La promesse d’une plus grande efficacité s’est faite entendre dans les années 1980, lorsque les services d’eau en Angleterre et au Pays de Galles ont été privatisés. Aujourd’hui, la plus grande entreprise, Thames Water, fait face à la faillite.
Ce que le ministre britannique de l’Environnement, Steve Reed, a annoncé vendredi dernier marque un véritable tournant : plus de primes pour les dirigeants des différentes compagnies de distribution d’eau. Au cours des dernières années, les PDG de ces sociétés se sont versé des bonus dépassant les 120 millions d’euros, a précisé Reed.
Et ce, alors même que d’importantes eaux usées non traitées ont été déversées dans des lacs, des rivières ou en mer. Il a également déclaré : « L’époque où la pollution était une source de profit est révolue. » Un changement de cap radical – mais pas si simple à mettre en œuvre.
Déversement d’eaux usées non traitées
Ce problème concerne au total six compagnies de distribution d’eau en Angleterre. Ces sociétés ont notamment été épinglées pour non-respect des normes environnementales. La nouveauté réside dans le fait que l’autorité de régulation OFWAT peut désormais suspendre ces primes, grâce à une loi adoptée en février par le Parlement britannique, permettant d’interdire ces versements de bonus.

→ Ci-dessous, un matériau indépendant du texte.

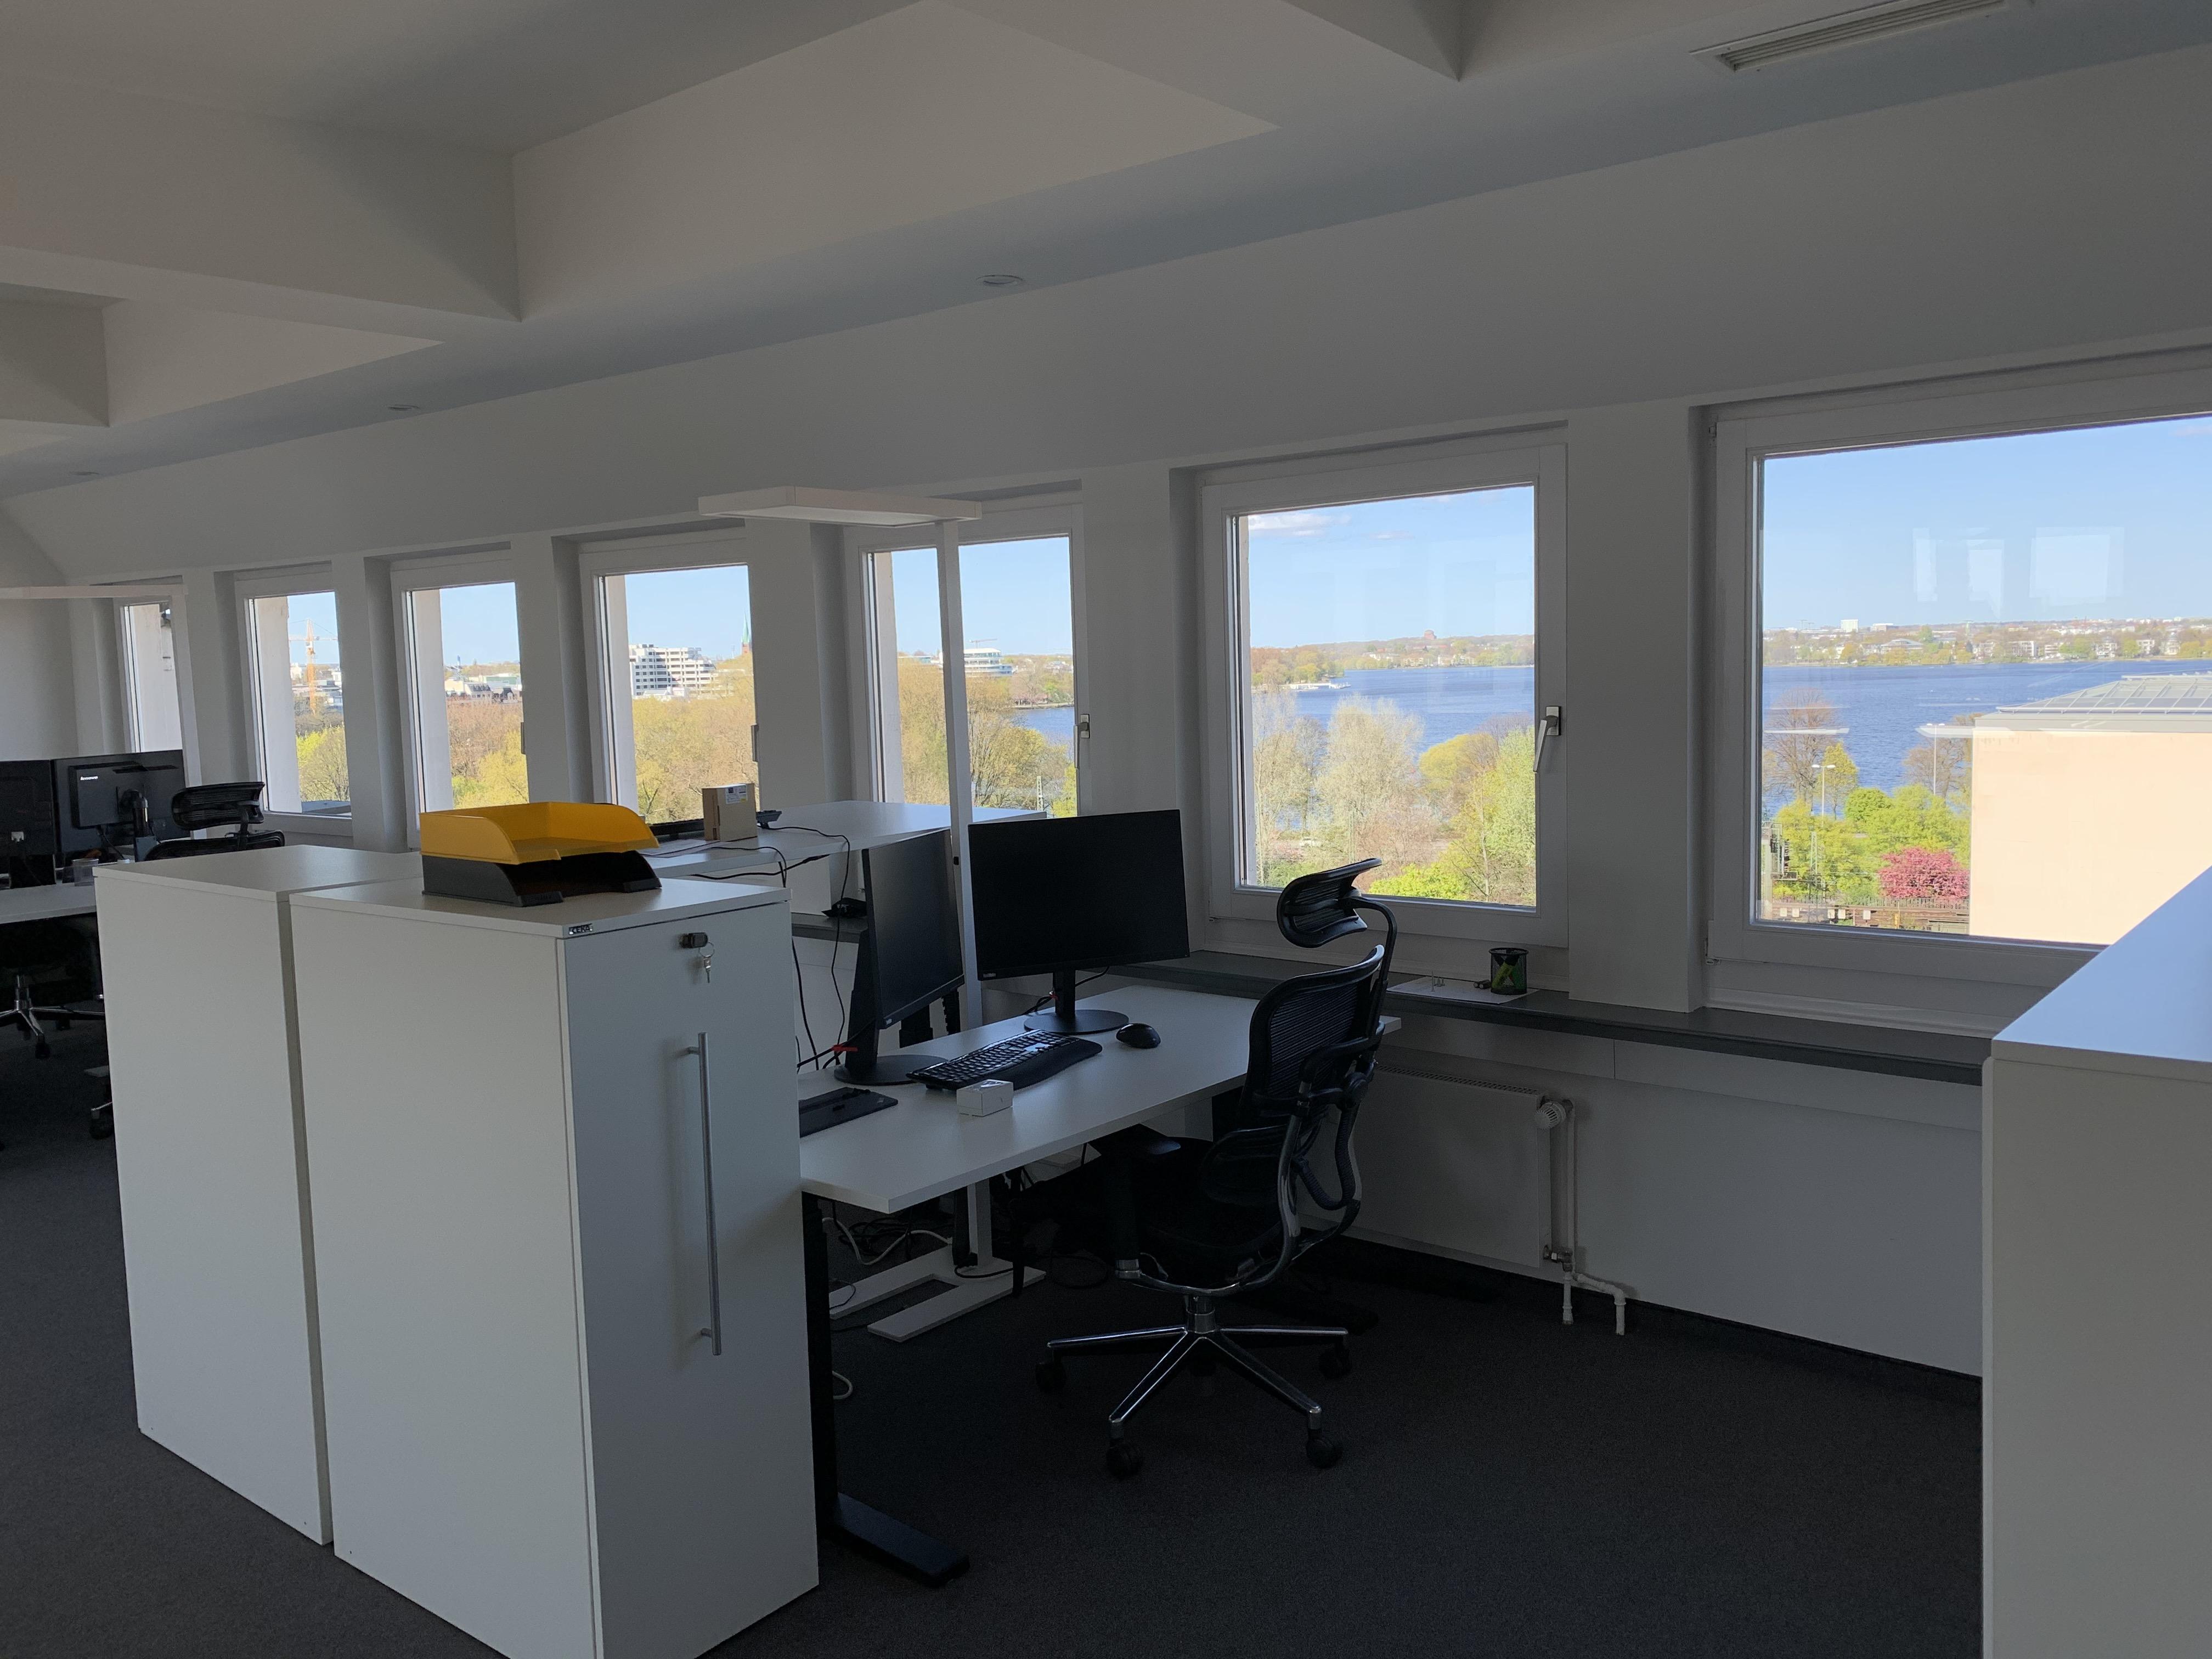 News Foto Umzug Hamburg Glockengiesserwall 20 - Innovabee wächst und bezieht neues Büro in bester Hamburger Citylage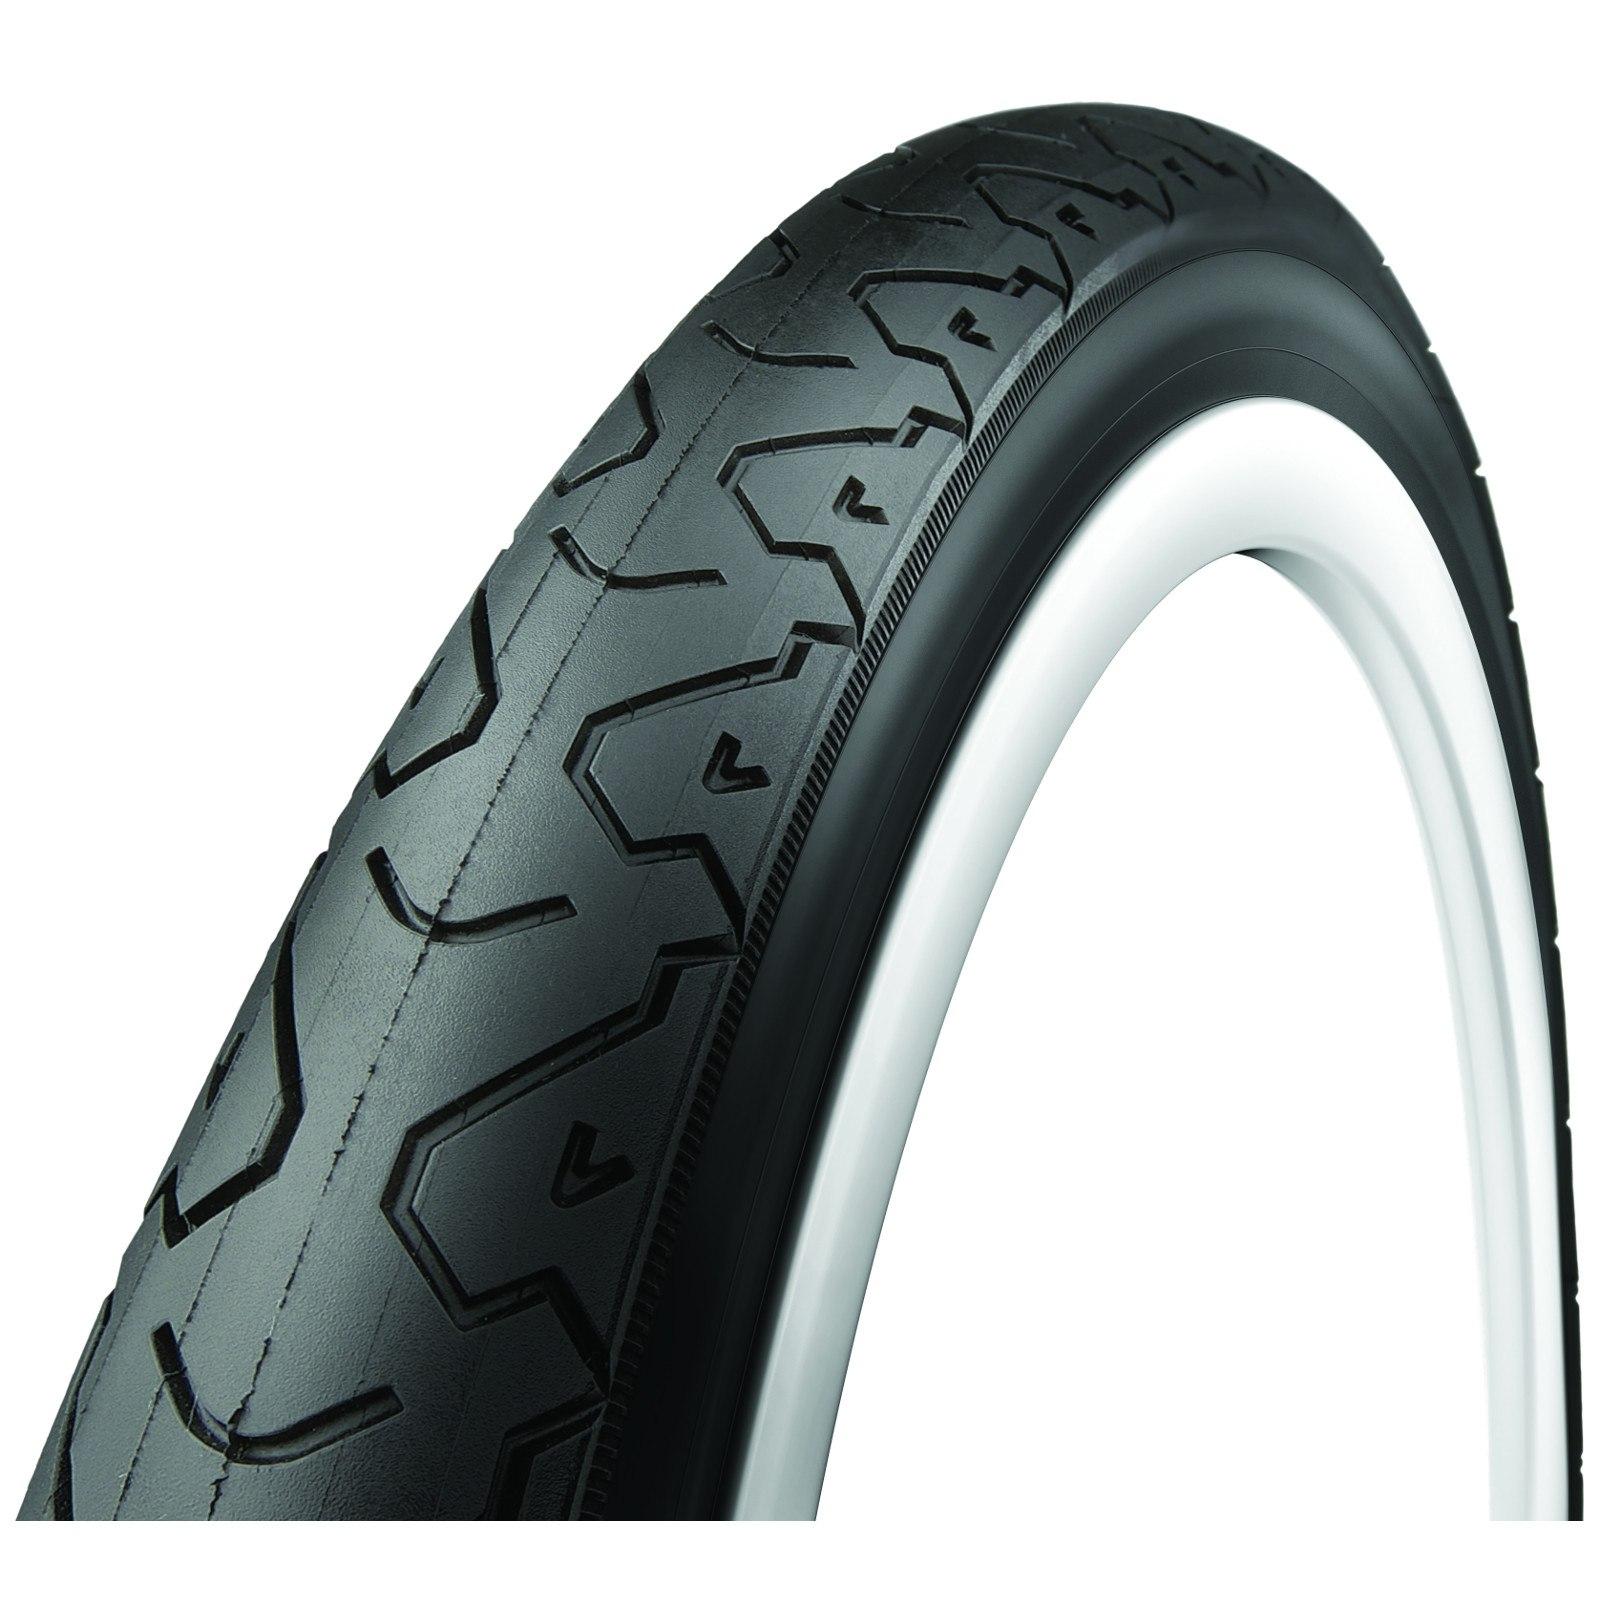 Vittoria Roadster Wire Bead Tire - 29x1.5 Inches - black - ETRTO 38-622

Cette décision intervient après plusieurs amendes infligées pour non-respect de standards environnementaux et de protection des consommateurs. En Grande-Bretagne, de nombreux rapports ont révélé que des compagnies déversaient des eaux usées non traitées dans les rivières, lacs ou en mer. Les nageurs de plein air se plaignent fréquemment de troubles digestifs, et les écoles de surf doivent parfois annuler leurs sessions.
L’initiative d’un ancien athlète de haut niveau
L’ancien sportif Steve Redgrave, quintuple champion olympique de rame, a lancé une campagne pour récolter des signatures en faveur d’un environnement plus propre. Aujourd’hui âgé de 63 ans et à la retraite, il s’engage pour la préservation des eaux, notamment des lacs et rivières. Selon lui, la qualité de l’eau au Royaume-Uni s’est considérablement dégradée ces dernières années. Dans les années 1970, il lui était déjà arrivé de sauter dans la Tamise après une séance d’entraînement. Ce n’est plus possible aujourd’hui.
Même si les primes pour les années 2024 et 2025 ne peuvent plus être versées pour l’instant, il reste encore beaucoup à faire : la majorité des compagnies ont investi bien trop peu dans leur réseau de distribution et dans les stations d’épuration durant des décennies. Cette situation est en partie liée à la privatisation des services et à l’efficacité limitée de la régulation.
De la privatisation à la faillite ?
Beaucoup de citoyens au Royaume-Uni ne comprennent pas comment, face à tout cela, les entreprises ont pu distribuer des dividendes si importants. Depuis la privatisation, à la fin des années 1980, ces versements ont atteint, selon l’université de Greenwich, environ 100 milliards d’euros. Ces fonds ont principalement été versés aux propriétaires des sociétés, notamment des investisseurs institutionnels comme des fonds de pension, certains venant du Canada.
Et ce sont ces investisseurs que le gouvernement doit également satisfaire. Thames Water, le plus grand fournisseur, est lourdement endetté, avec près de 25 milliards d’euros de dettes, et est au bord de la faillite. La société a besoin d’un investisseur pour éviter sa cessation d’activité, mais un récent accord a échoué lorsque le fonds d’investissement KKR a décidé de se retirer des négociations.
Autorité de régulation comme risque d’investissement ?
Une des raisons possibles est que la fermeté accrue de l’autorité de régulation pourrait en fait devenir un nouveau risque pour les investisseurs. C’est en tout cas ce que suggère une déclaration du directeur de Thames Water, Chris Weston. Lors d’une audition au Parlement en mai, il a déclaré que les investisseurs devaient être assurés de pouvoir faire une plus-value sur leur investissement. C’est la seule façon de convaincre suffisamment de capitaux de soutenir la société et d’éviter sa faillite.
Les amendes pour non-respect des normes, les interdictions de primes : ces éléments créent une incertitude qui inquiète les investisseurs souhaitant maximiser leur rendement. Selon certains experts et membres de l’opposition, la solution la plus cohérente serait de nationaliser à nouveau ces compagnies. Cependant, la majorité travailliste en place, pour le moment, ne peut pas se le permettre financièrement.